What are the strategies for server selection? What are the limitations of these strategies?
- A server could be assigned randomly. Not optimal because a highly stressed server could be selected randomly.
- Load balancing could be used, but also not optimal
What is consistent hashing? How does it work?
- Distributed hash table used to balance load, assigning roughly the same number of content IDs and requires relatively little movement of these content IDs when nodes join and leave the system.
Why would a centralized design with a single DNS server not work?
- Introduces a single point of failure
What are the main steps that a host takes to use DNS?
1. The user host runs the client side of the DNS application
2. The browser extracts the hostname and passes it to the client side of the DNS application
3. DNS Client sends a query containing the hostname of DNS
4. DNS Client eventually receives a reply which includes the IP address of the hostname
5. As soon as the host receives the IP address, it can initiate a TCP connection to the HTTP server located at that IP
What are the services offered by DNS, apart from hostname resolution?
1. Mail server / host aliasing
2. Load distribution
What is the structure of DNS hierarchy? Why does DNS use a hierarchical scheme?
- The DNS hierarchy solves the scalability problem.
- THe hierarchy has root servers, top level domain servers, authoritative servers, and local DNS servers.
What is the difference between iterative and recursive DNS queries?
- Iterative - the client is referred to a different DNS server in the chain until it can resolve the request
- Recursive - each DNS server will resolve the hostname on behalf of the client, client doesn't have to submit more than one request
What is DNS caching?
- Saving hostname resolutions locally
What is a DNS resource record?
- A method of storing the hostname to IP address resolution
What are the most common types of resource records?

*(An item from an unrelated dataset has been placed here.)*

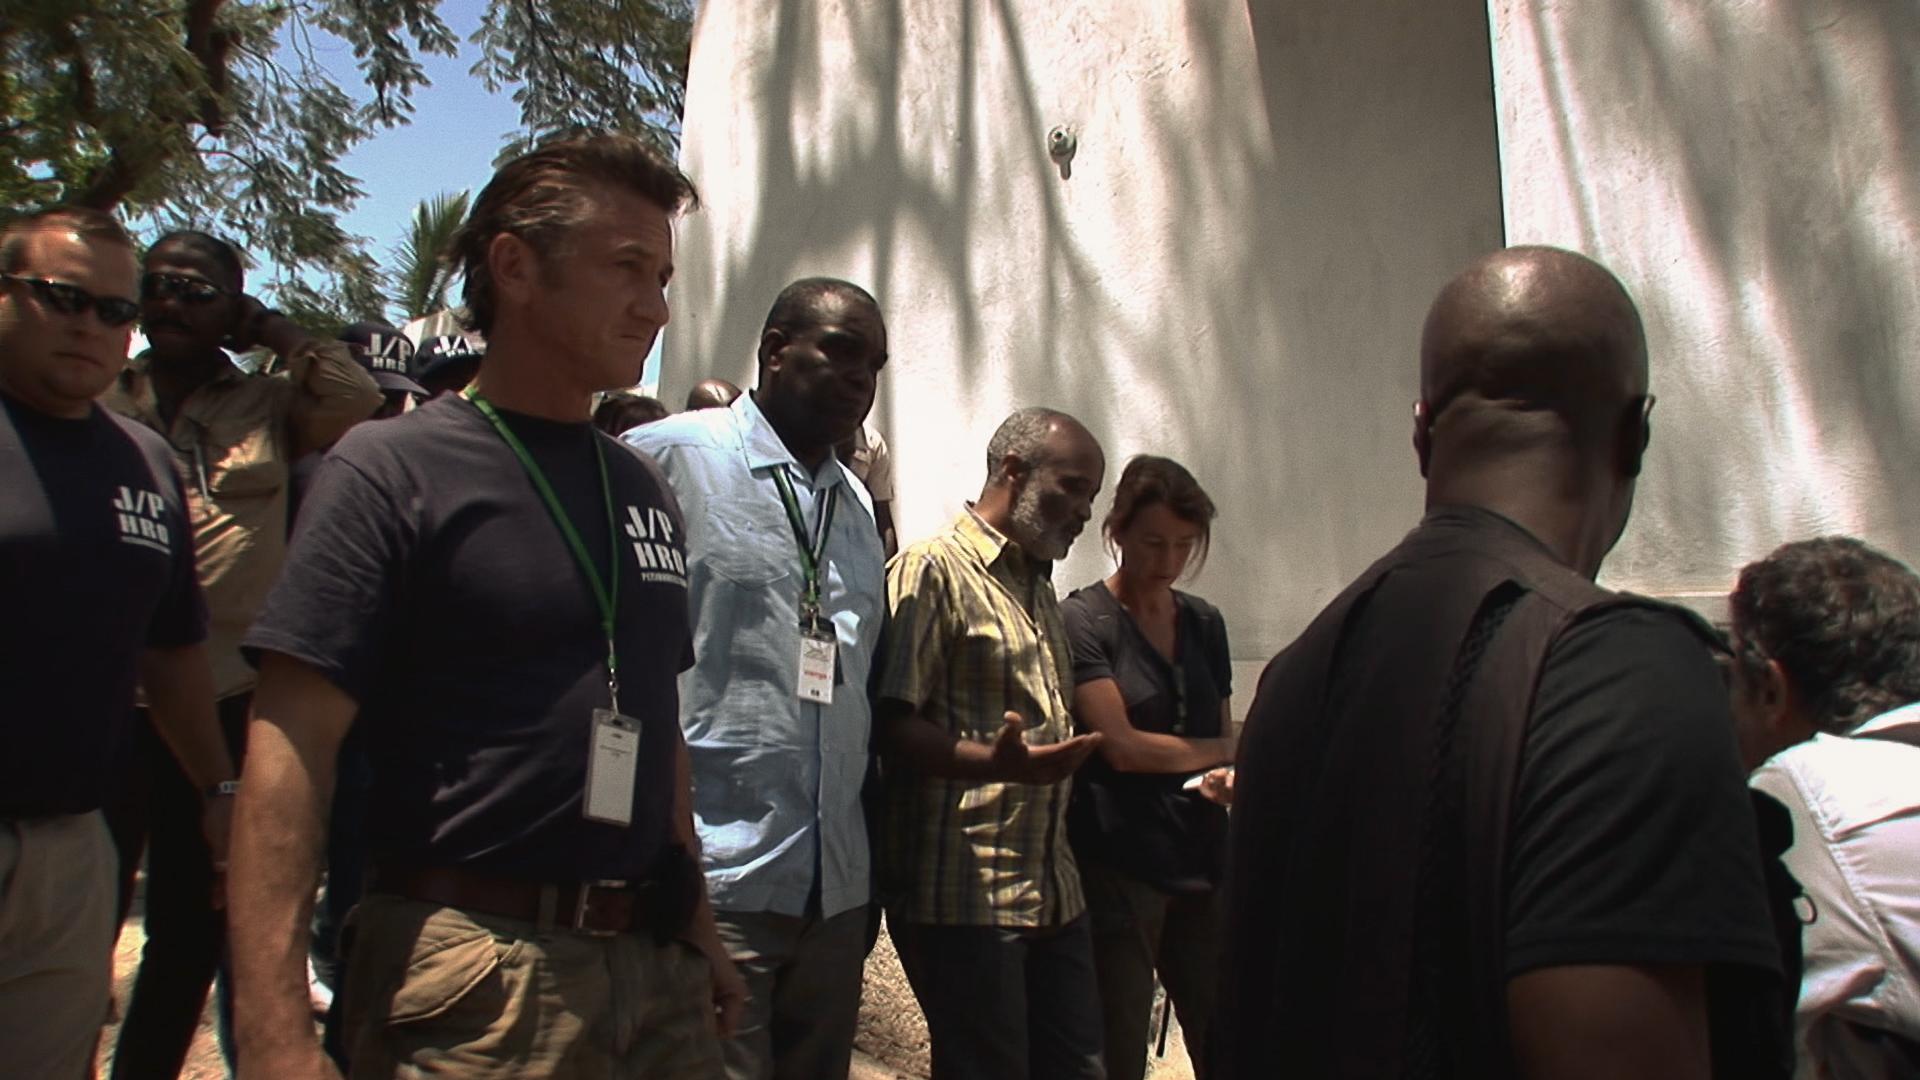 Sean Penn with former president of Haiti

- Type A - domain name and IP address
- Type NS - domain name and appropriate authoritative DNS server
- Type CNAME - alias hostname and canonical name
- Type MX - alias hostname of a mail server and the canonical name of the mail server
Describe the DNS message format.
What is IP Anycast?
- Route a client to the closest server as determined by BGP. Assigns the same IP address to multiple servers and lets BGP handle getting the client to the closest server.
What is HTTP Redirection?
- Just sending a client a 300-level code to request the content from a different server. Useful for load balancing, doesn't require central coordination.